Anyway, finally got past the 10K turn around, so there were no longer people running at us. I passed the 4:45 marathon pacer (2:23 half pacer for those not inclined to do the math) and saw my friend pacing 2:20 up ahead. I ran a little faster. I realized my hamstring was fine. Twingy, but not painful. I caught up with her and the other 2:20 pacer around mile 5. I was nice to run with pacers. It was also trippy to realize that this was the farthest I’d ever run straight, no walking. And I still had eight miles to go! I felt good for a while. Chatting with the other people hanging with the 2:20 pacers. Giving myself little pats on the back for not walking. Happy that problematic hamstring was not asserting itself. We got to the half marathon turn around! Only another six and a half miles!

And then, like clock work, the Mile 8 Struggle Bus showed up. For every half I’ve run, somewhere between mile 8 and mile 10, I want to give up. Whether it’s tired legs, tired everything, racing heart, hungry tummy, burning lungs, low energy, whatever, I find myself saying “let’s just walk, running is hot bullshit” It’s totally a mental game at this point. For Filly Women’s and KDF, it was low energy, so I experimented with adding runner candy (Honey Stinger Energy Chews). This worked for UBHM and a few long runs. This race though, I had been eating a few pieces every 40 minutes, which had worked for me before. It was less low energy and more just super tired legs. My hamstring wasn’t necessarily that bad; more like all of both legs were fucking done.

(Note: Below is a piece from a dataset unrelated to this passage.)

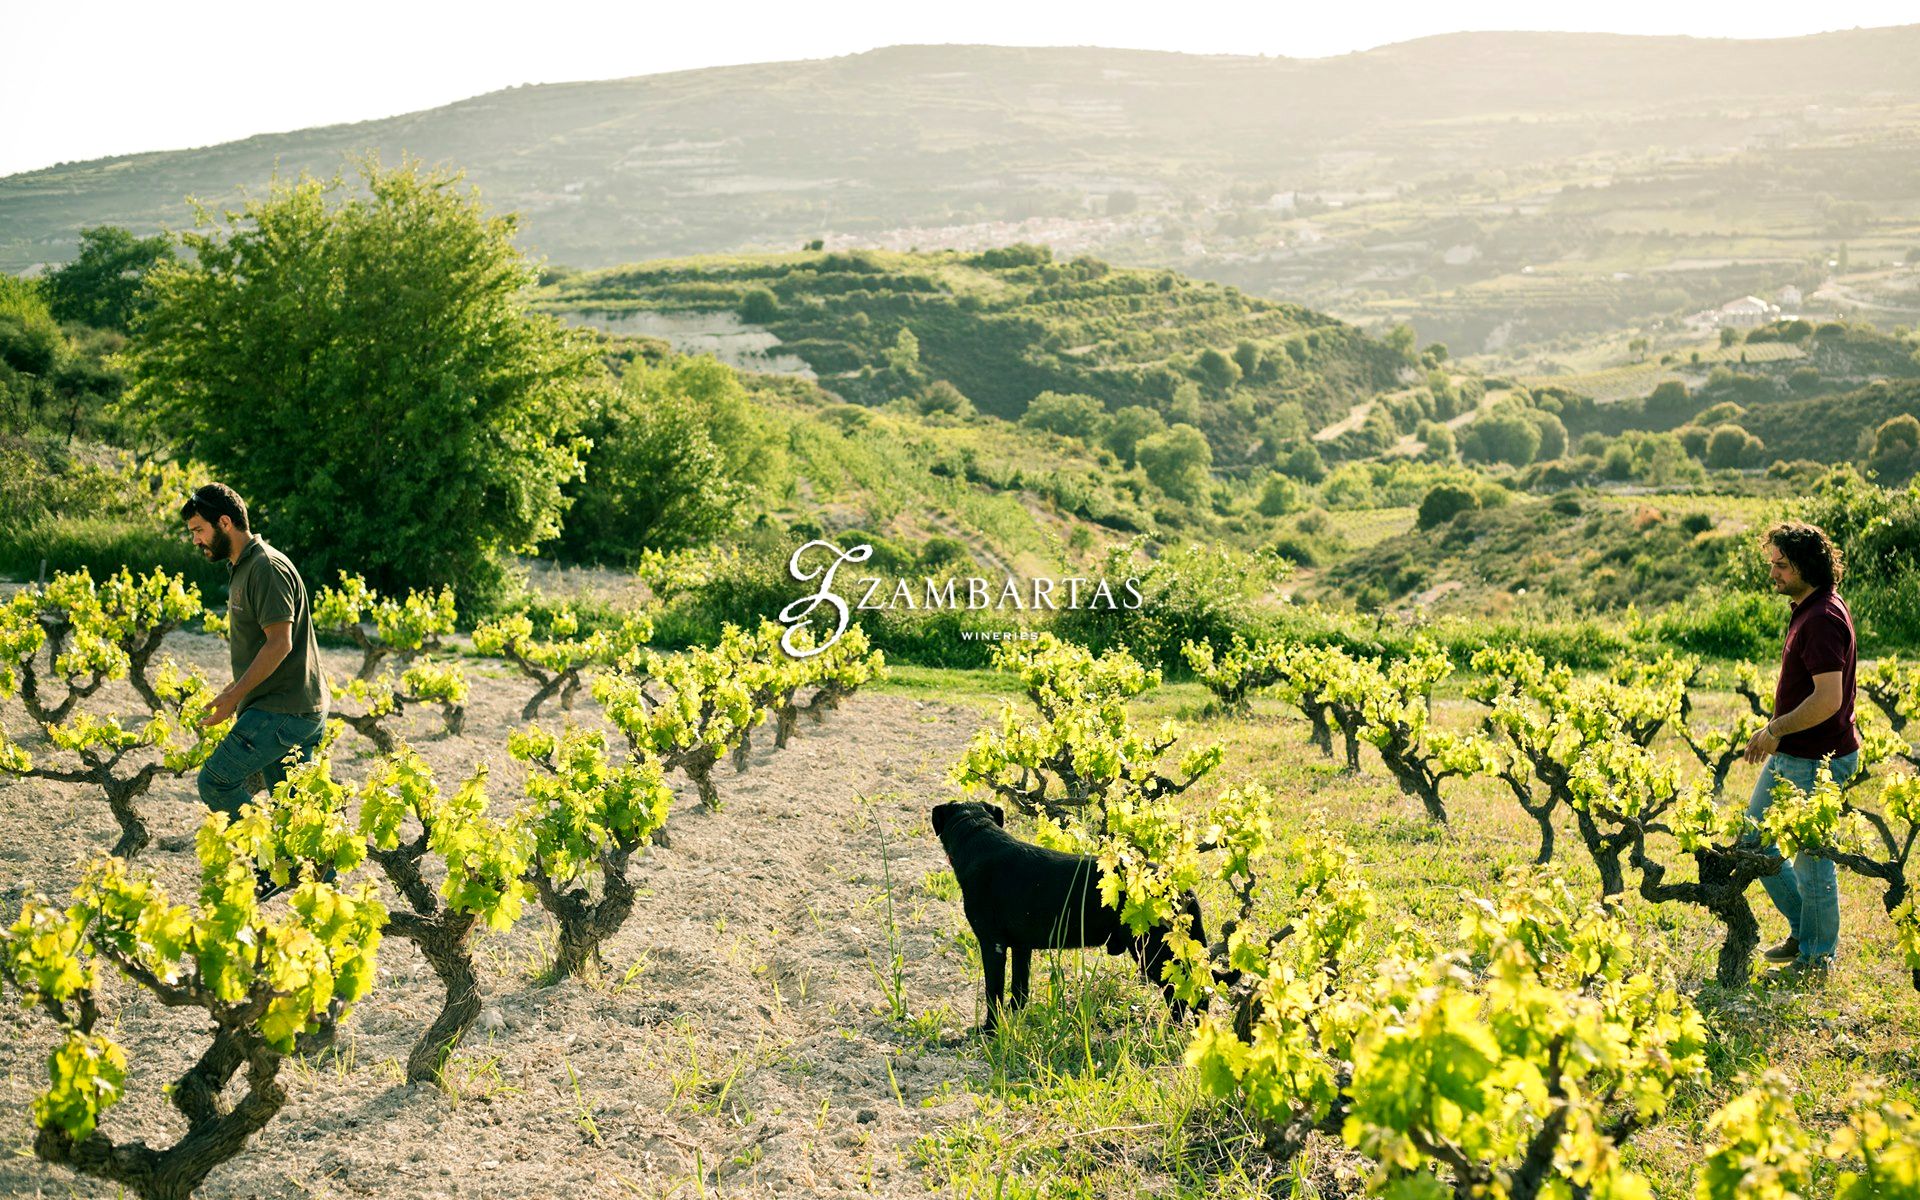 Zambartas Winery in Cyprus

I kept going though! Around mile 10 we were back into the long wooded area, but this time we got to experience it going up hill. Joy. I walked twice, about 10 seconds each time, because I wanted to get my heart rate down a little. These were the only two times I walked the entire 13 miles. I caught back up with the 2:20 pacers. I stuck with them and their motivation really kept me in it. Around mile 11, the huge downhill, my knees started to hurt. Around mile 12, I needed a toilet. I was seriously afraid I’d shit my pants otherwise. Luckily there was a portapotty just a handful of yards off the course. I lost at least a minute, but it was absolutely necessary.

Back on the road! One mile left! It was not a fun mile. I was no longer running with my pacing friend. My legs hurt. I was tired. Finally the end. I did not sprint to finish, but I did manage to get my arms up like I wasn’t about to crawl the last yards.

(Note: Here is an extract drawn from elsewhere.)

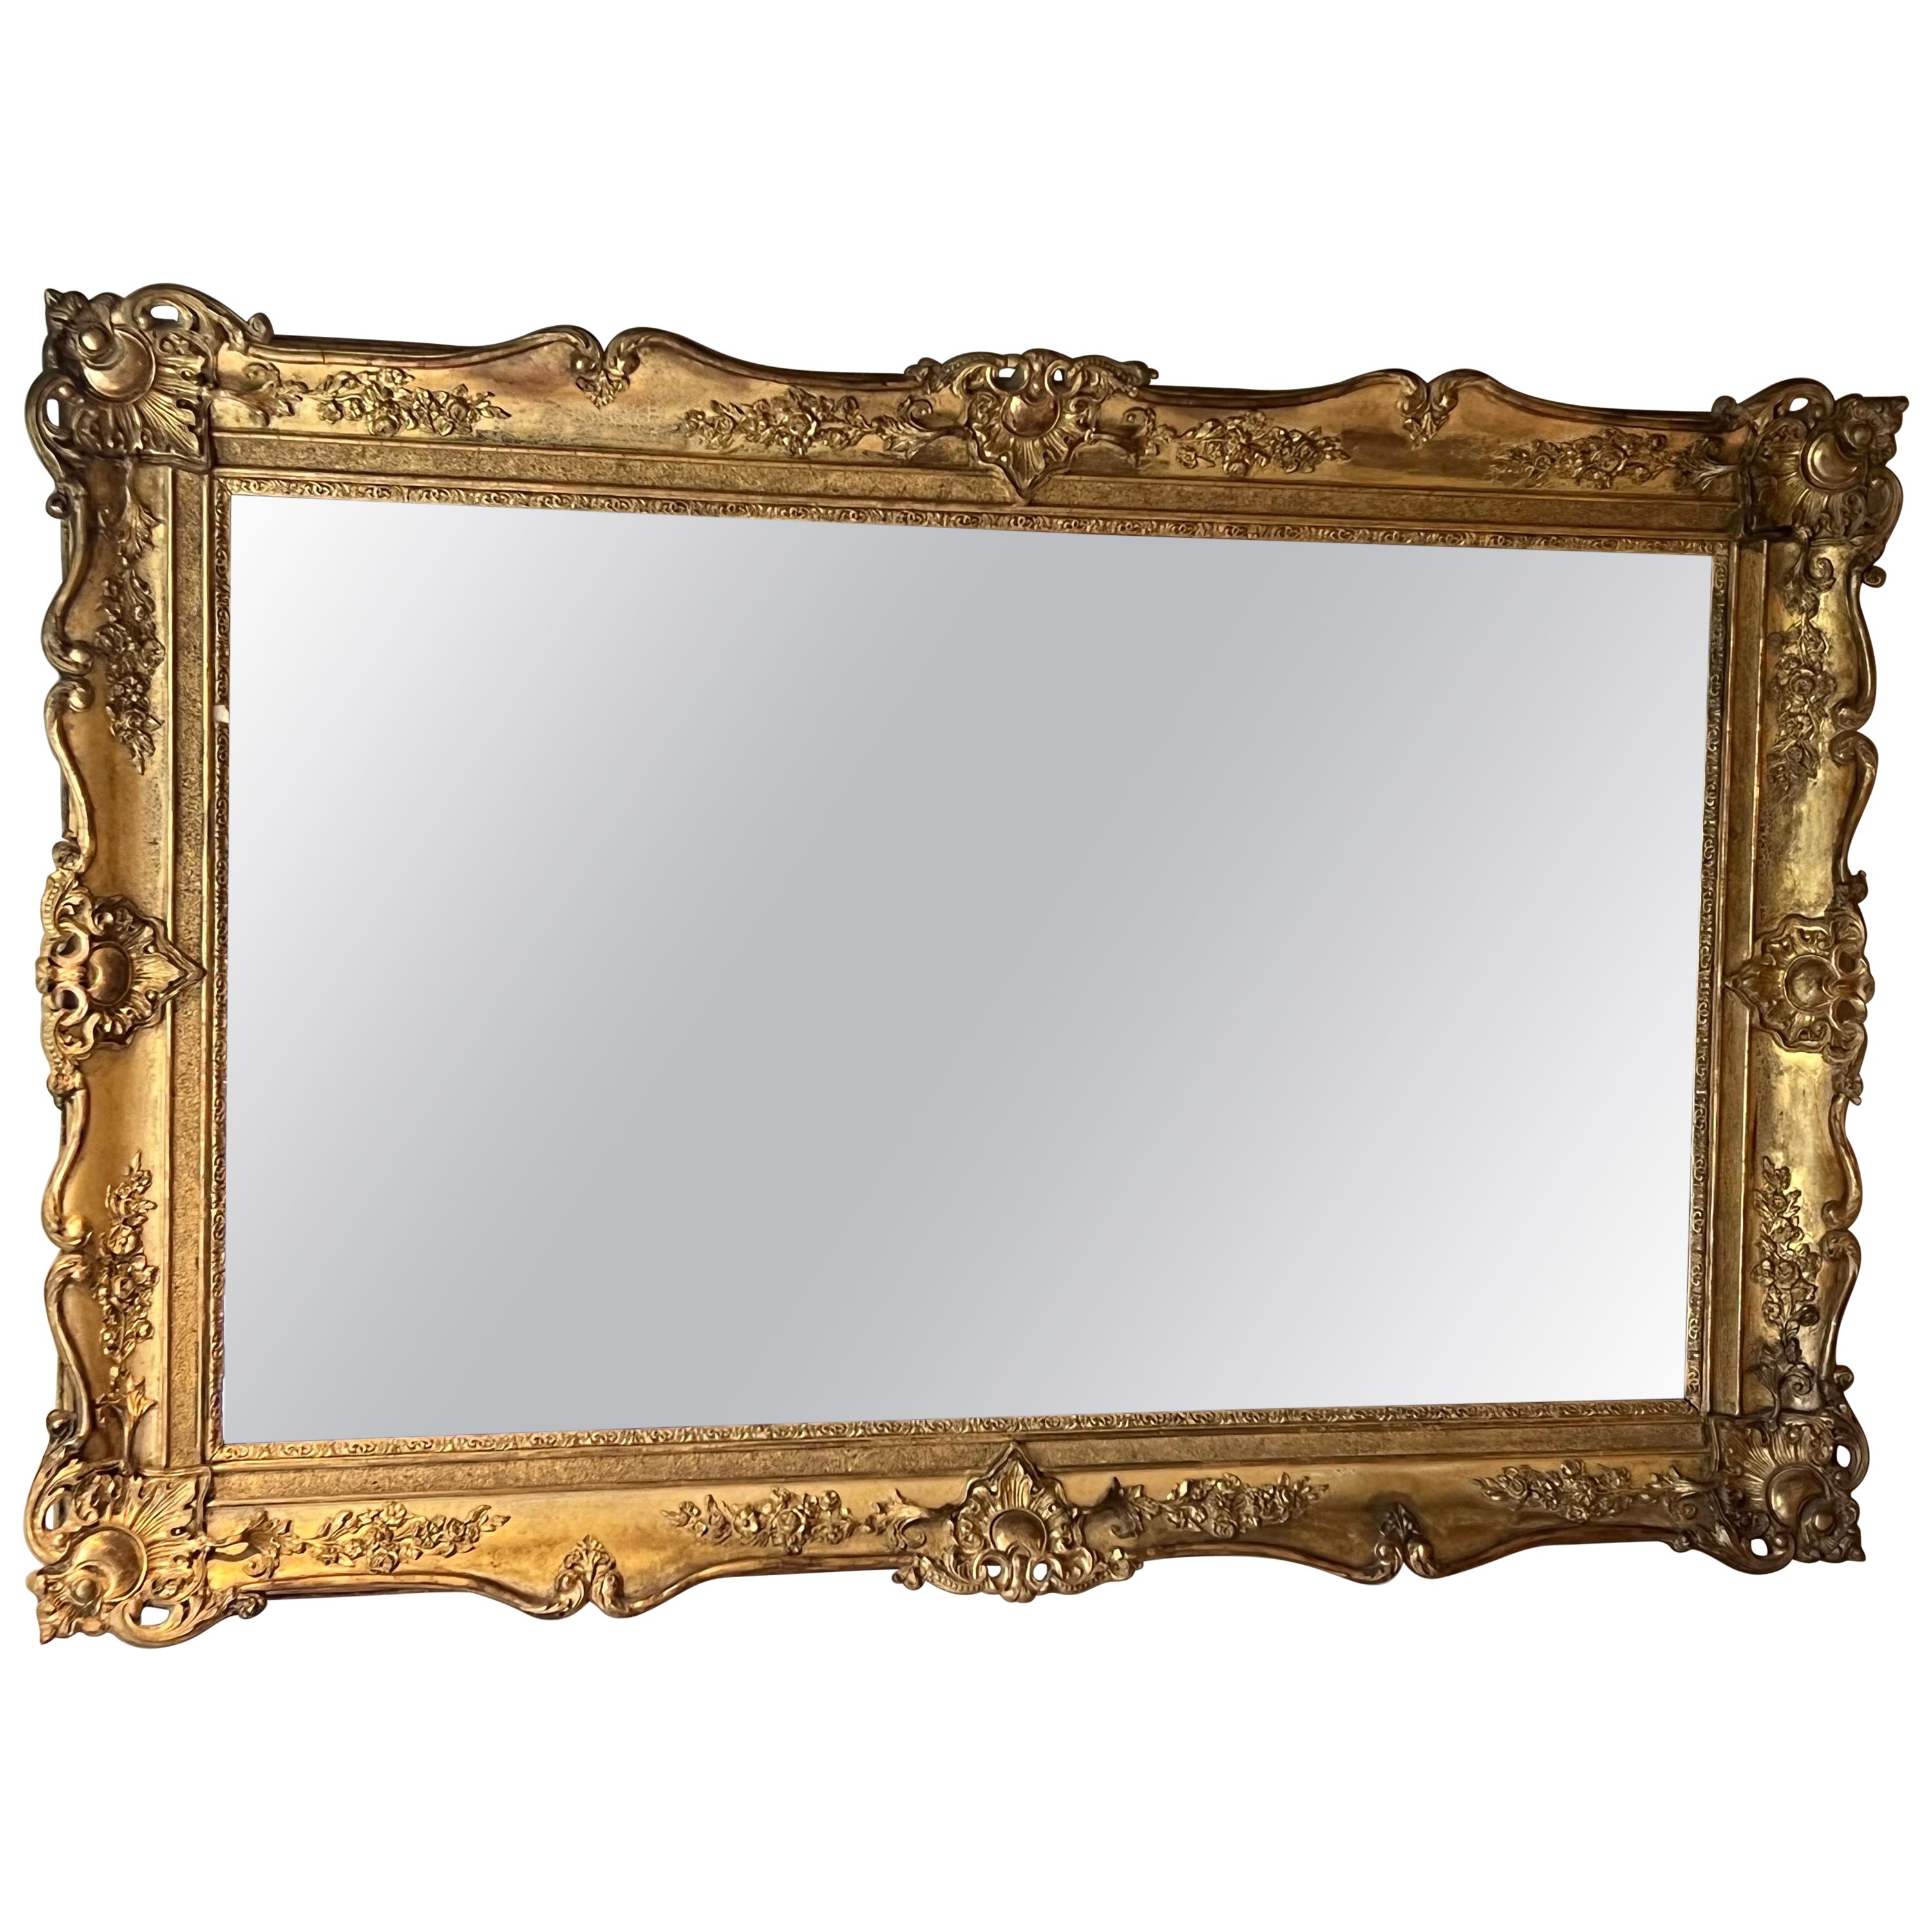 Miroir rectangulaire en bois doré Napoléon III du XIXe siècle

I look happy because I don’t have to run anymore. Maybe ever.

My time was 2:22. Not the best, but way better than I thought I was capable of. Hell, I didn’t know I was capable of running for more than a few miles without walking, much less a half marathon. I didn’t see anyone I knew around the finishers’ area. There was Derby Pie as an end-of-race perk, but it was so sweet, I could only choke down a few bites. There was also beer (provided by Goodwood Brewery, a race sponsor), but at that point I think anything other than plain water would have made me vomit. I just wanted to go home and lie in a bath tub full of hot epsom salt water.

So that’s what I did. I was moving like a 90 year old. The walk back to the car was comical. Very stiff, very sore. My hamstring didn’t seem any worse than every other sore, agonized part of my body. I ate the other half of the leftover Cuban while the tub was filling up and had a bottle of water mixed with electrolyte replacement. The soak in the tub was perfect.

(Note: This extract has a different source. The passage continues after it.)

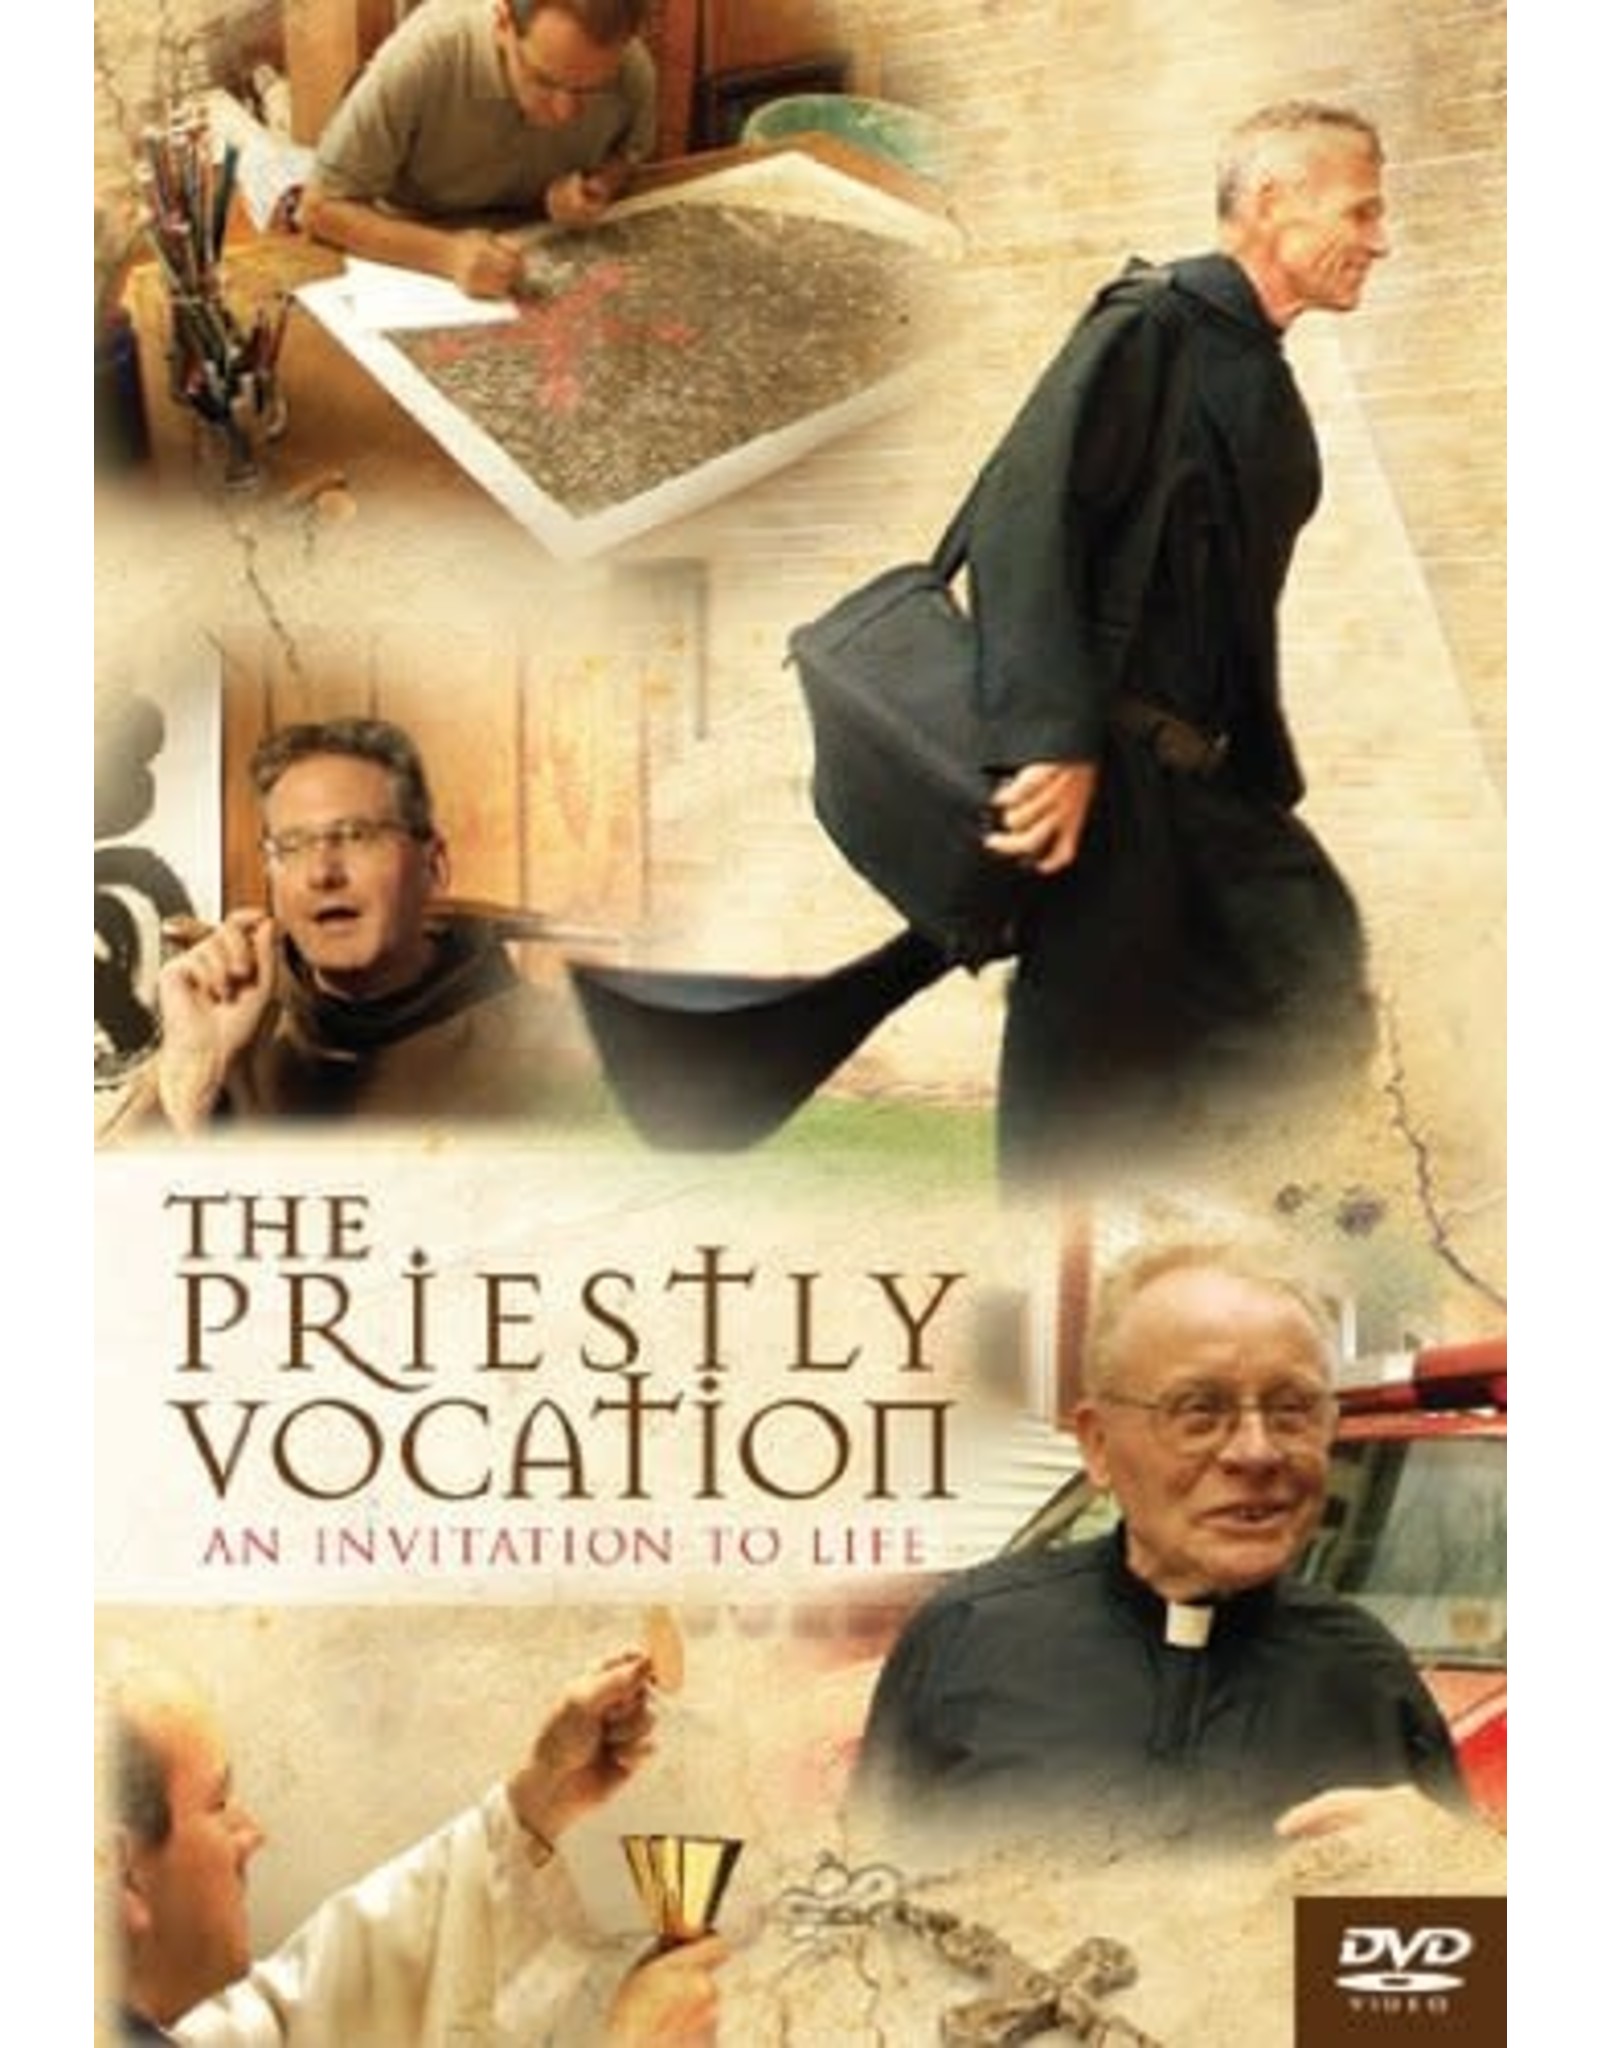 The Priestly Vocation DVD

I ran three half marathons in six weeks, five this year. One was a PR and one was with no walking intervals, something I wasn’t sure I could do. I’m kinda proud of myself and my training. I look forward to all the shorter races I have lined up over the winter, mostly just fun stuff nearby, a few of which I’ve gotten Spouse to sign up to run with me. Lots of group runs with M/SRTT. I have some trail races coming up too. And a Thanksgiving Morning race, which I have always been opposed to in theory and, until now, in practice. I guess I’m a real runner, for good or ill. Now I just need to rest this stupid hamstring. At least it’s taken my mind off my stupid fat thumb.